When I was young and stupid (not long ago) I had thoughts of long
overwater (think trans-Pacific) flights. I also have experience
with failure modes assessment analysis (FMEA) which frequently shows
up failure modes easily over looked. After reviewing various
electrical and instrument configurations I arrived at a system design
which is shown in simplified form in the attached sketch. It
consists of two alternators, two batteries, four busses, and a lot of
opportunities for cross tie. I use dual Chelton screens, with
PFD off the essential buss (many sources of power), the MFD off of the
avionics bus (which has many sources of power), and back up electric
attitude indicator (on essential buss), turn and bank (essential
buss) and air speed and altitude indicators.

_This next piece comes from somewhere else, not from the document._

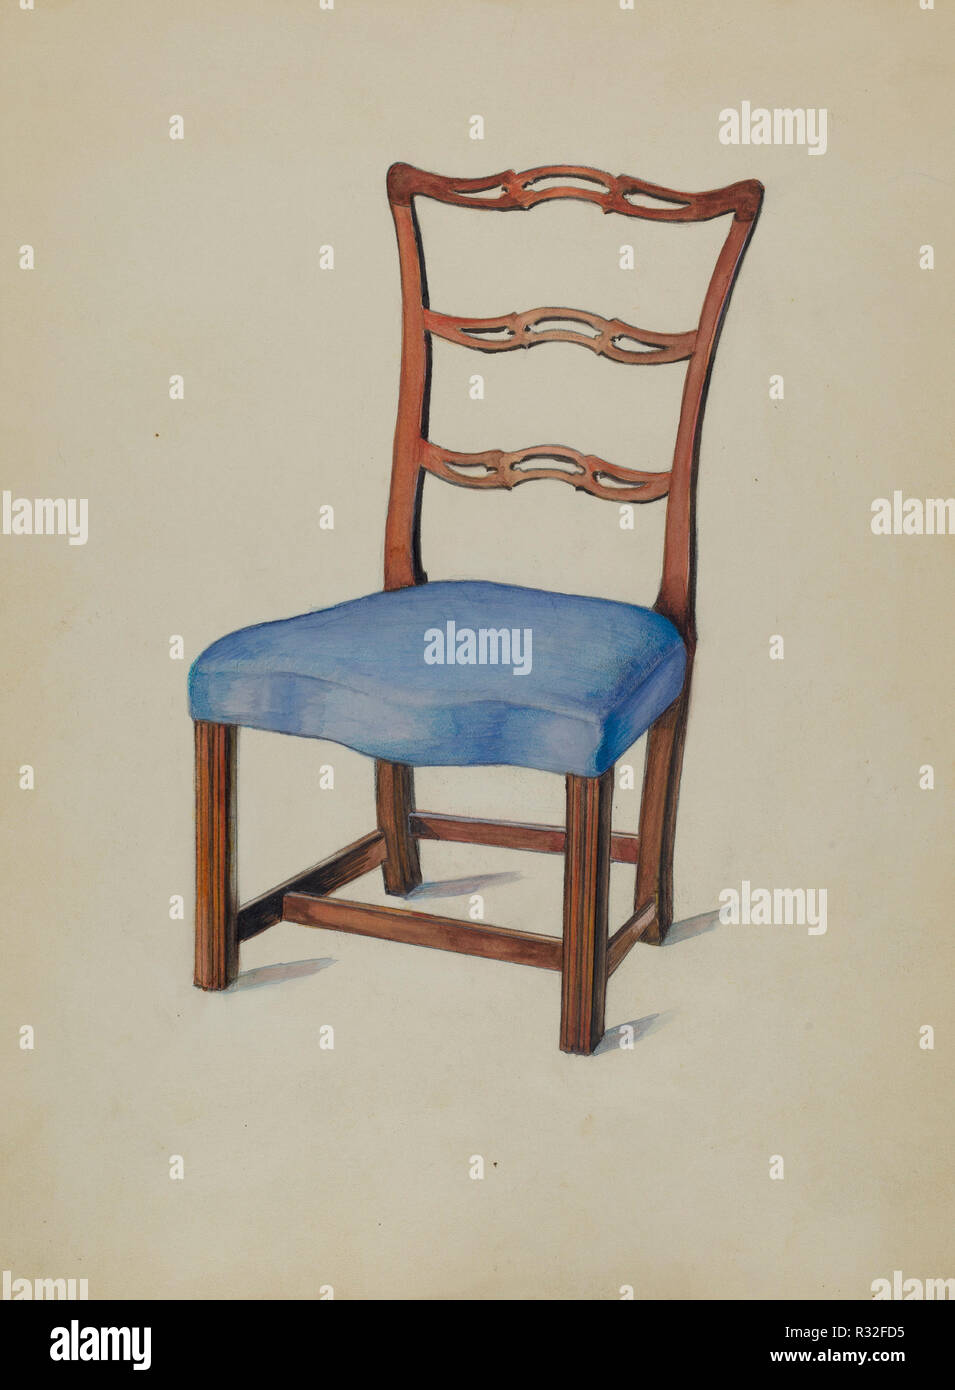 Side Chair. En date du : 1935/1942. Médium : Aquarelle, mine de plomb et gouache sur carton. Musée : National Gallery of Art, Washington DC. Auteur : Carl Weiss. Banque D'Images

You show me the failure and I can show you the automated or
manual work around. And critical stuff is all double protected
with circuit breakers and surge arresters (not shown).
But even this diagram is not as safe as it could
be. What about something simple like: a battery relay
decides to go flotch? (One already has done so.) That
causes a main bus to go south forcing you to a cross tie solution, not
ideal. So not shown are by-pass switches and fuses around the
relay solenoids I added "just in case" to provide redundancy on all
supply routes.
I have a mechanical and electrical fuel pump. And I have an
electronic ignition and a magneto.
Two of everything, independent power modes, independent pathways,
cross connects, multiple layers of electrical spike and surge
protection and independent and different principles of gyroscopic
display and electrical power supply. Now one begins to
achieve realistically (and defensible) high levels of
reliability.
If I could only achieve the same with the pilot.